Johann Theodor Eller (von Brockhausen) (29 November 1689 – 13 September 1760) was a German physician, mineralogist and chemist who served in the Prussian court. Eller followed the beliefs of the day that heat was an element. Lavoisier read his works on air and fire. In his medical research he claimed that copper in cooking utensils was harmful.

==Early life==
Eller was born in Plötzkau, in the Principality of Anhalt-Zerbst, son of Jobst Hermann Eller, a military officer who had served under the Prince of Anhalt before becoming a justice of peace and an innkeeper. His mother was from a noble family of Livonia.

==Career==
Tutored initially at home, he was then educated in law at the Quedlinburg gymnasium he went on to study at Jena University in 1709 where he shifted to medicine under G. W. Wedel and H. F. Teichmeyer. He then went to study anatomy in Halle, Leiden (1711) and Amsterdam, studying under the anatomists Frederik Ruysch and Johannes Jacobus Rau. He received his MD from Leiden in 1716. He followed Rau to Leiden and served as a dissector until 1716. He began then to study mineralogy and chemistry in Paris under Grosse, Boulduc, and Lemery. In 1720 he visited London and met the scientists of the day including Isaac Newton. He worked in A. G. Hanckewitz's laboratory before returning to Germany.
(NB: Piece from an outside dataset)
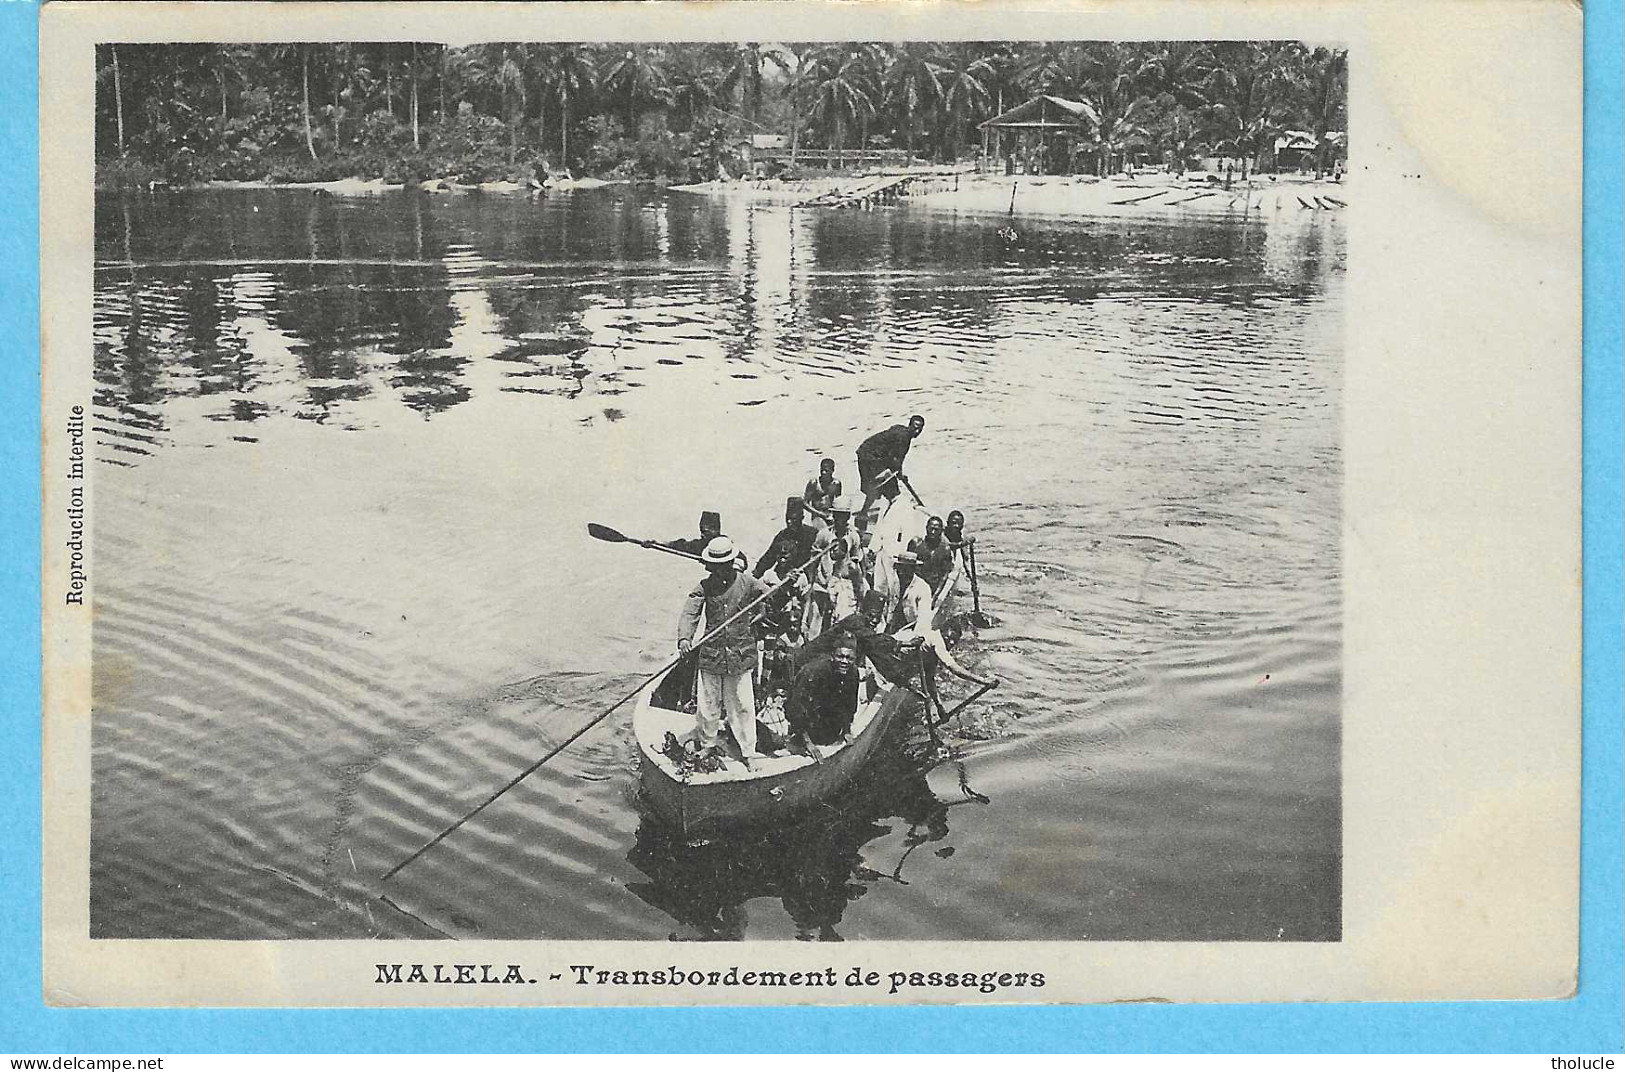 Timbre Type Mols-Congo Belge Unilingue-1909 10c Carmin-N°51-Cachet "Boma-1910"-Malela-Transbordement De Passagers-Barque - Lettres & Documents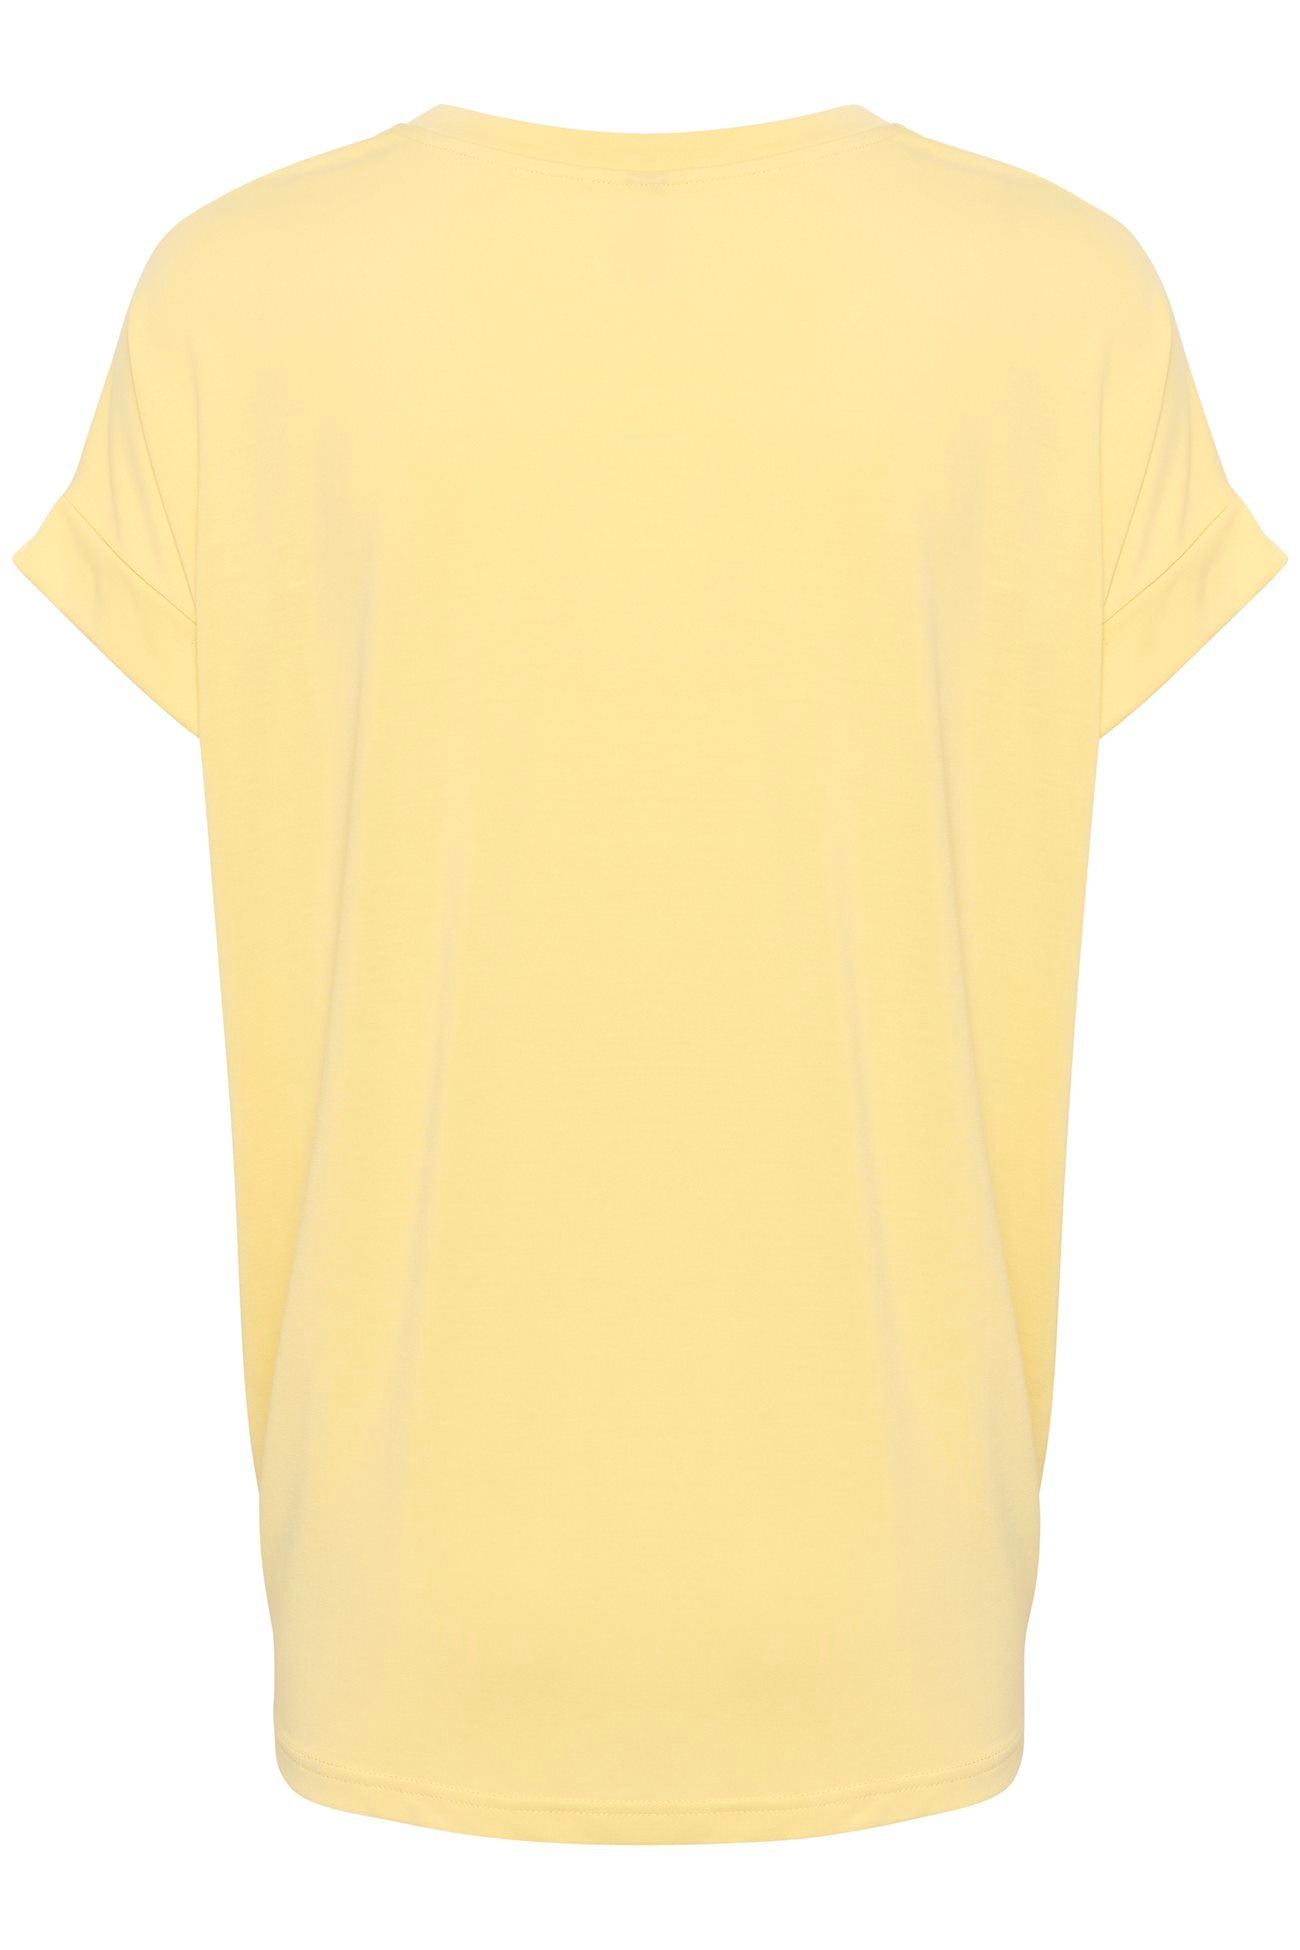 Kajsa T-shirt by Culture - pineapple - Blue Sky Fashions & Lingerie

In 1721 he became a court physician at Anhalt-Bernberg possibly due to the influence of Georg Ernst Stahl (1724-1734). Two years later he became a professor of anatomy in Berlin. From 1727 to 1735 he was also director of the Berlin's Charité Hospital. In 1740 he became personal physician to Frederick the Great. In 1753 he argued with his colleague Johann Heinrich Pott who wished for a position to be filled by his son-in-law. The position was taken by Brandes, a student of Eller. A public confrontation between Pott and Eller followed.

==Personal life==
Eller married Catherine Elizabeth Burckhard (d. 1751) in 1721 and after in 1753 he married Henrietta Catherine Rosen.

==Published works==
Eller published two books:
- Catalogus rerum mineralium et metallicarum (1723)
- Nützliche und auserlesene medicinische und chirurgische Anmerkungen so wohl von innerlichen als auch äußerlichen Krankheiten, und bey selbigen zum Theil verrichteten Operationen, Welche bishero in dem von Sr. Königl. Majestät in Preußen gestifteten großen Lazareth der Charité zu Berlin, vorgefallen; Nebst einer vorangegebnen kurtzen Beschreibung der Stiftung, Anwachs und jetzigen Beschaffenheit dieses Hauses (1730)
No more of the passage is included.